PROBLEM STATEMENT:
Could you output exactly the lines running from the one containing "Ink and wash" to the final line of the listing below, leaving out pictures?
:: INPUT DATA
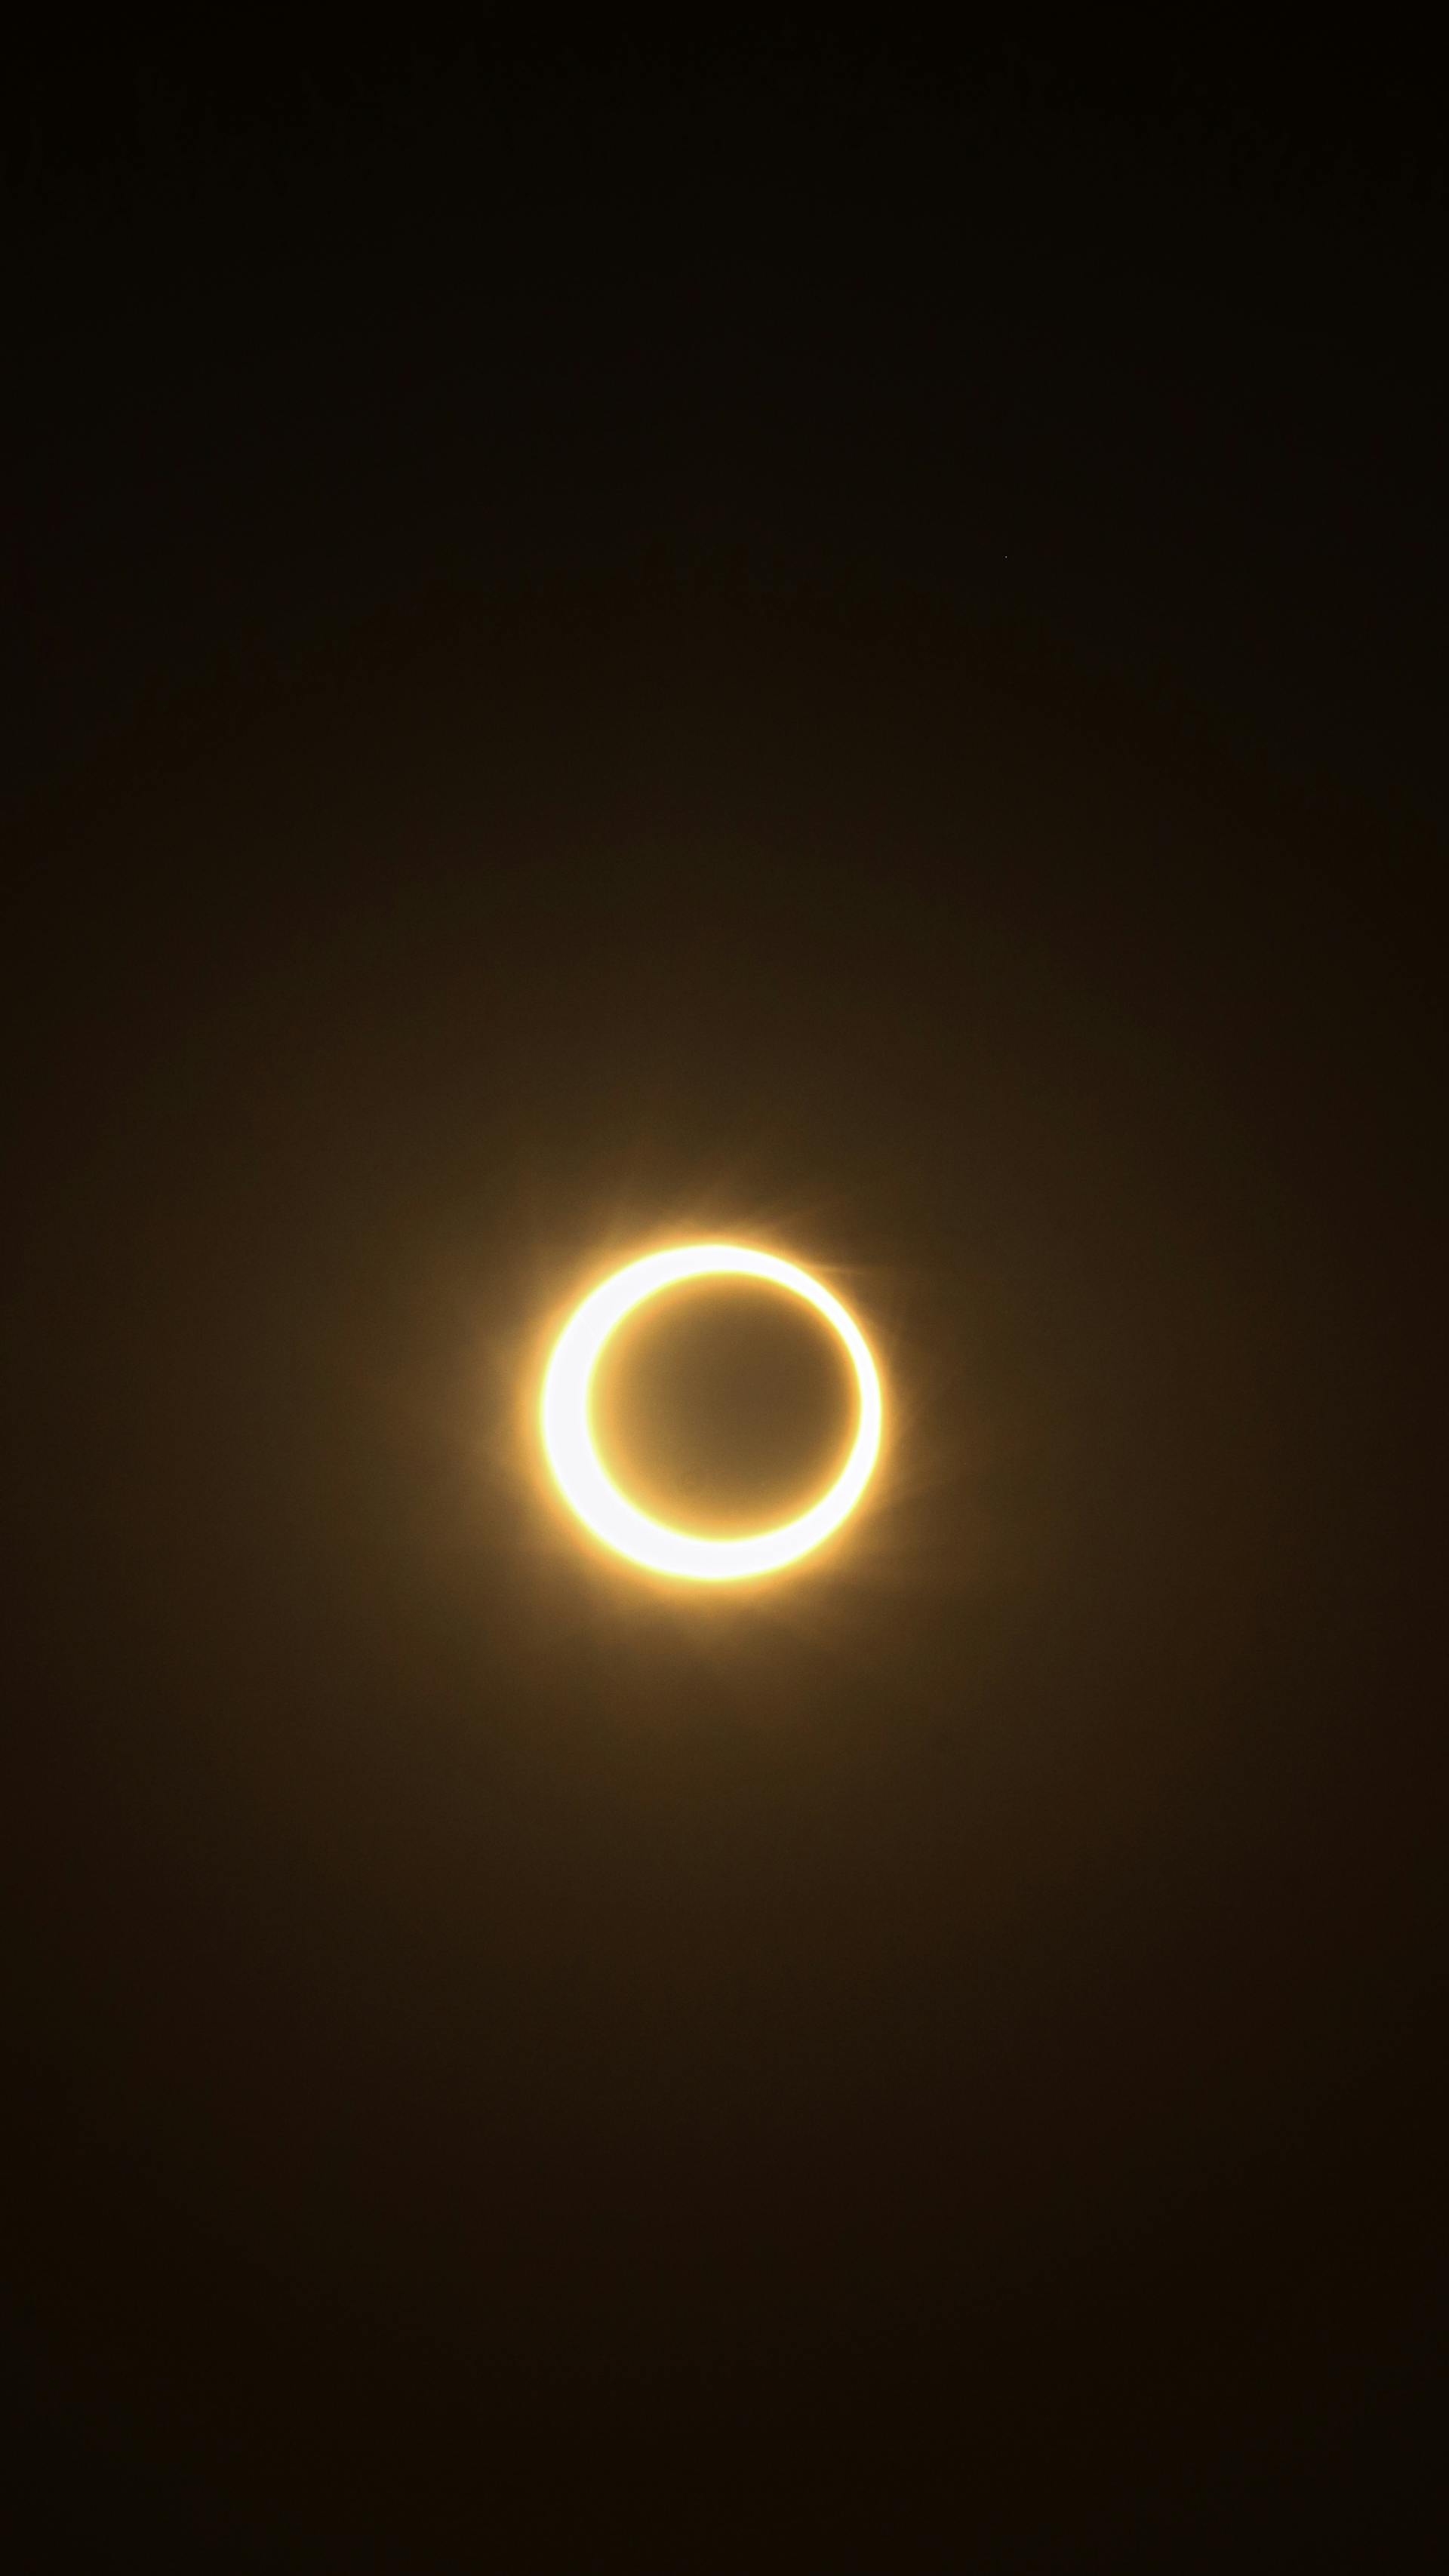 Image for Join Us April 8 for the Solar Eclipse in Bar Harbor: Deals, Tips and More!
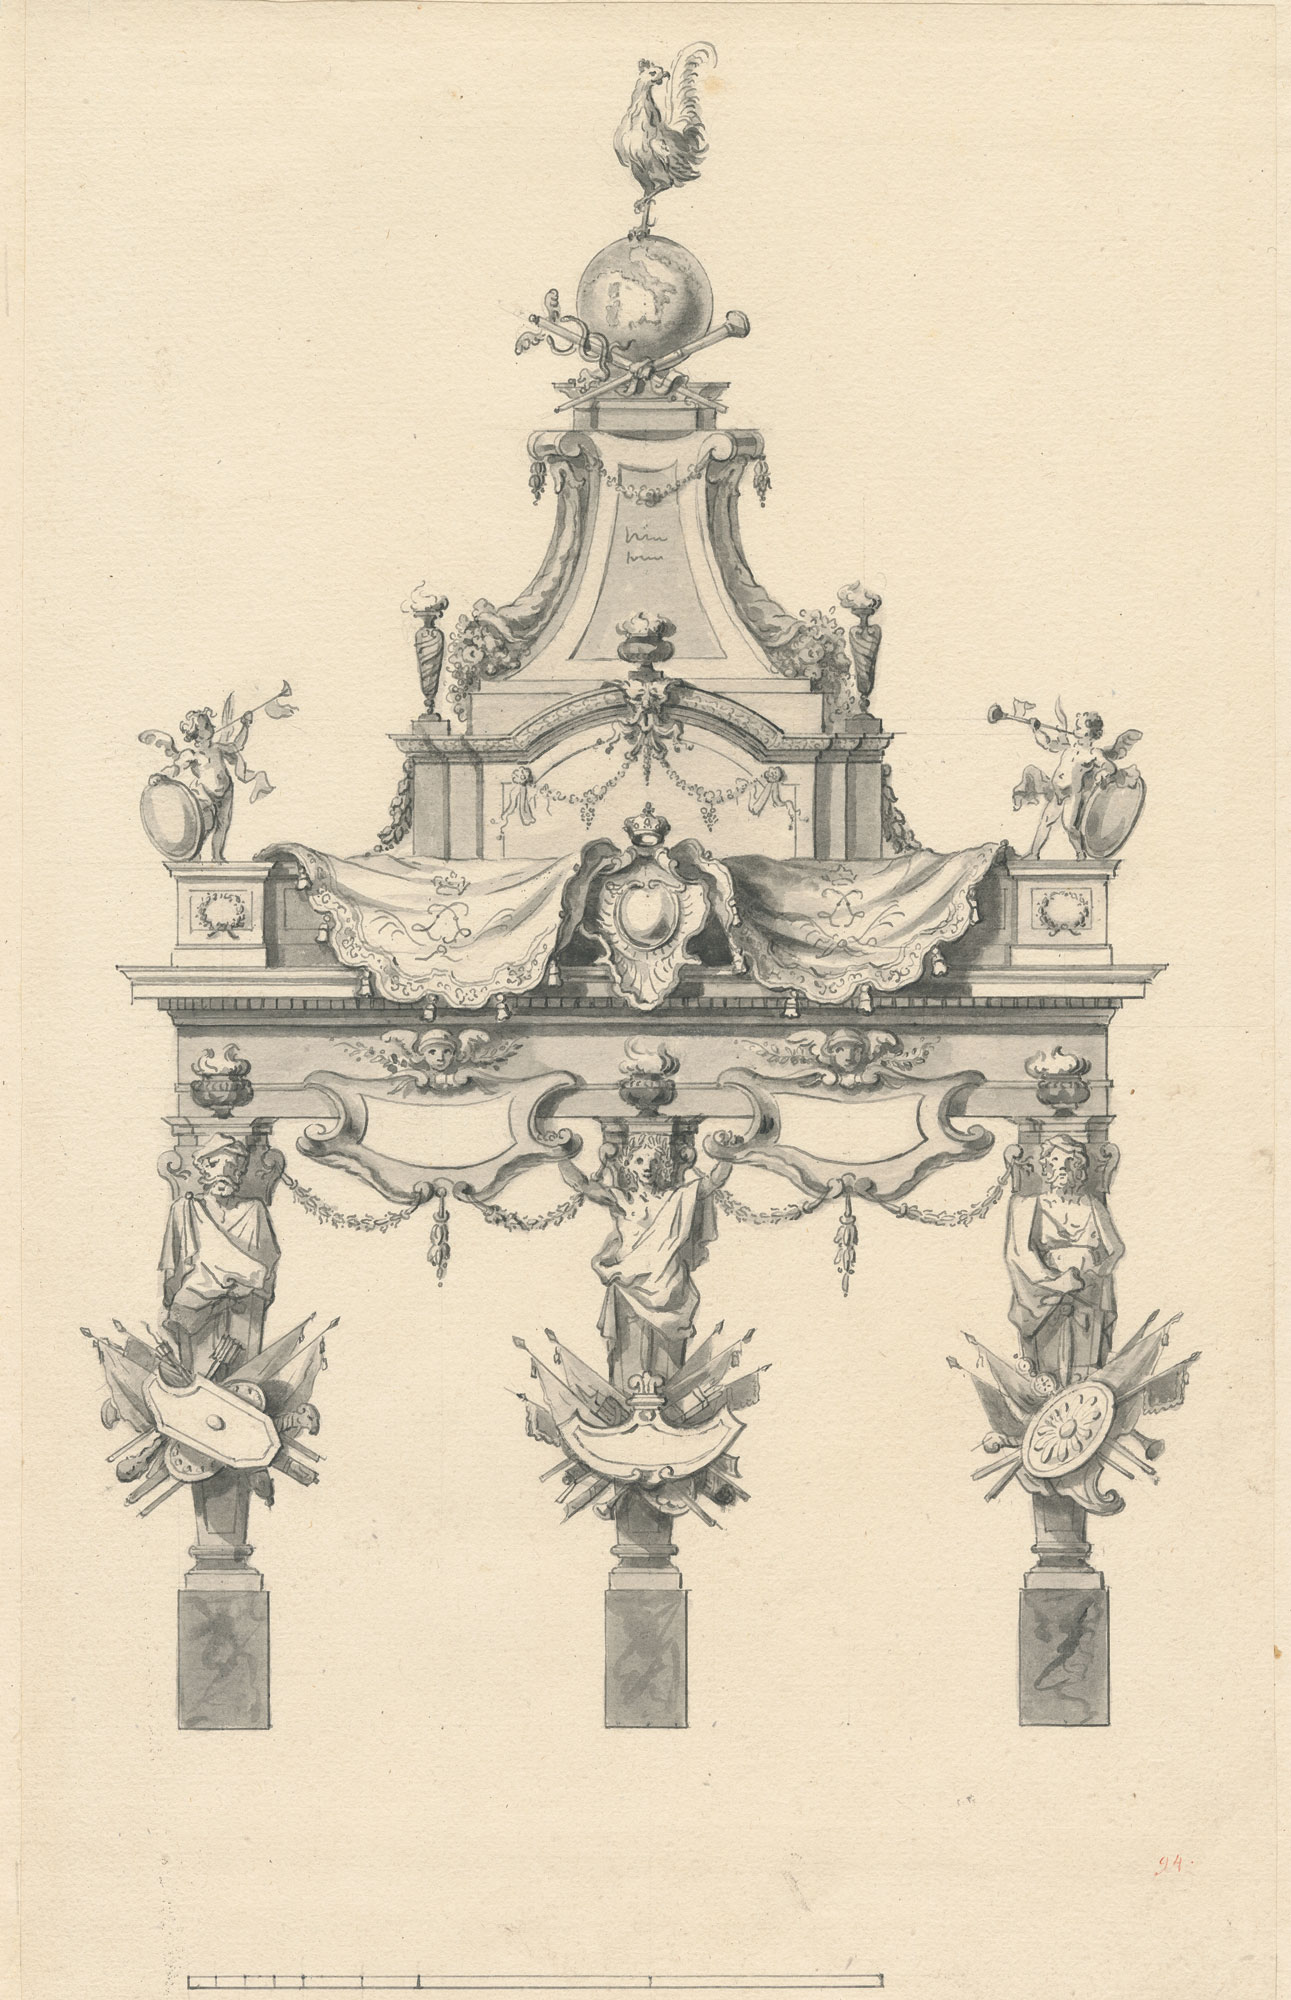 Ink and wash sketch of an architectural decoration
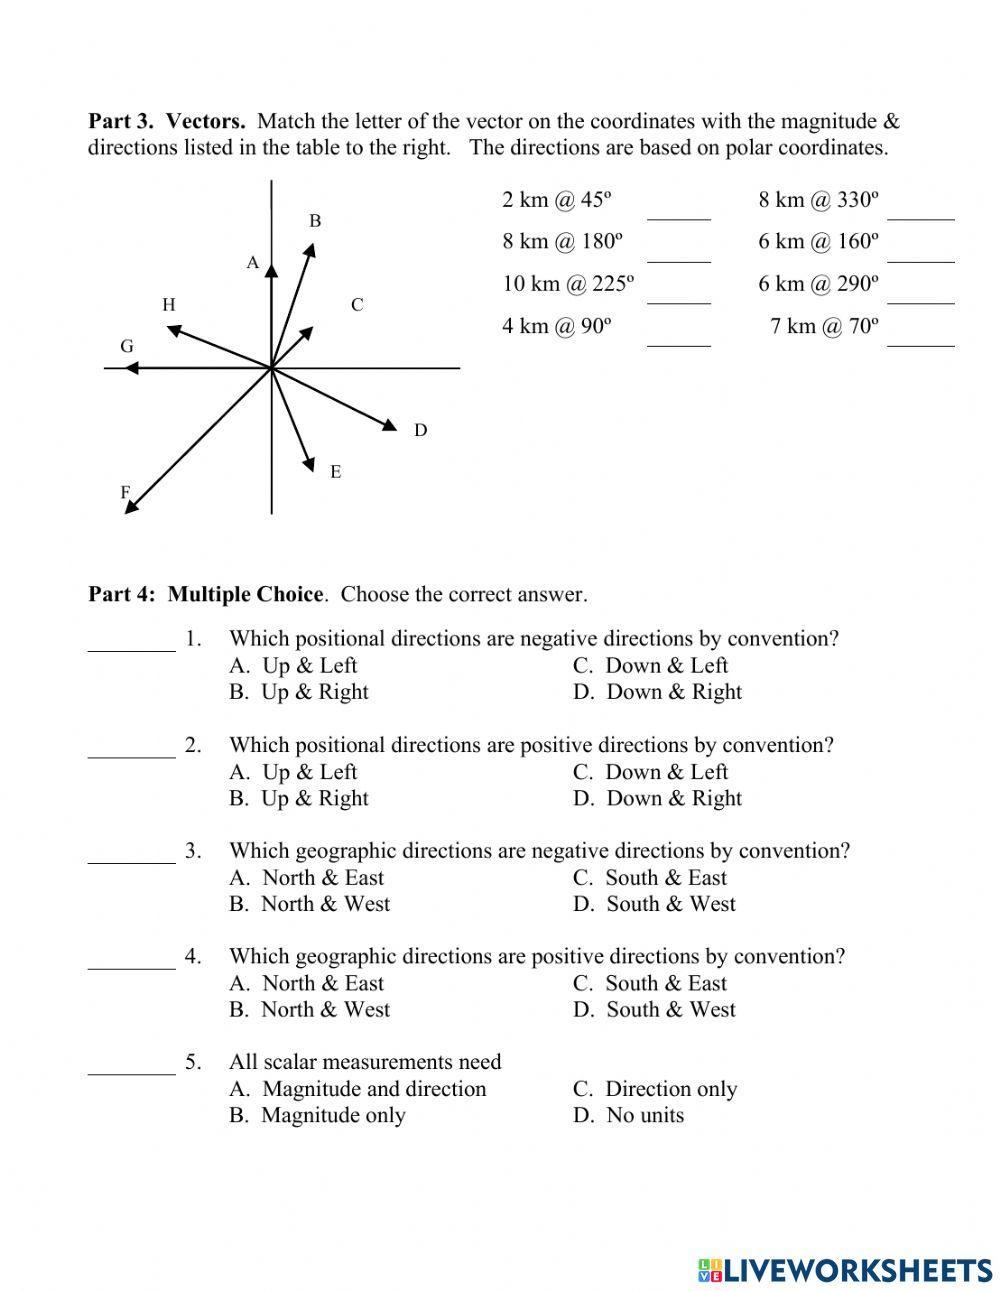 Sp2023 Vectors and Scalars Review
::::
FINAL ANSWER:
 Ink and wash sketch of an architectural decoration
 Sp2023 Vectors and Scalars Review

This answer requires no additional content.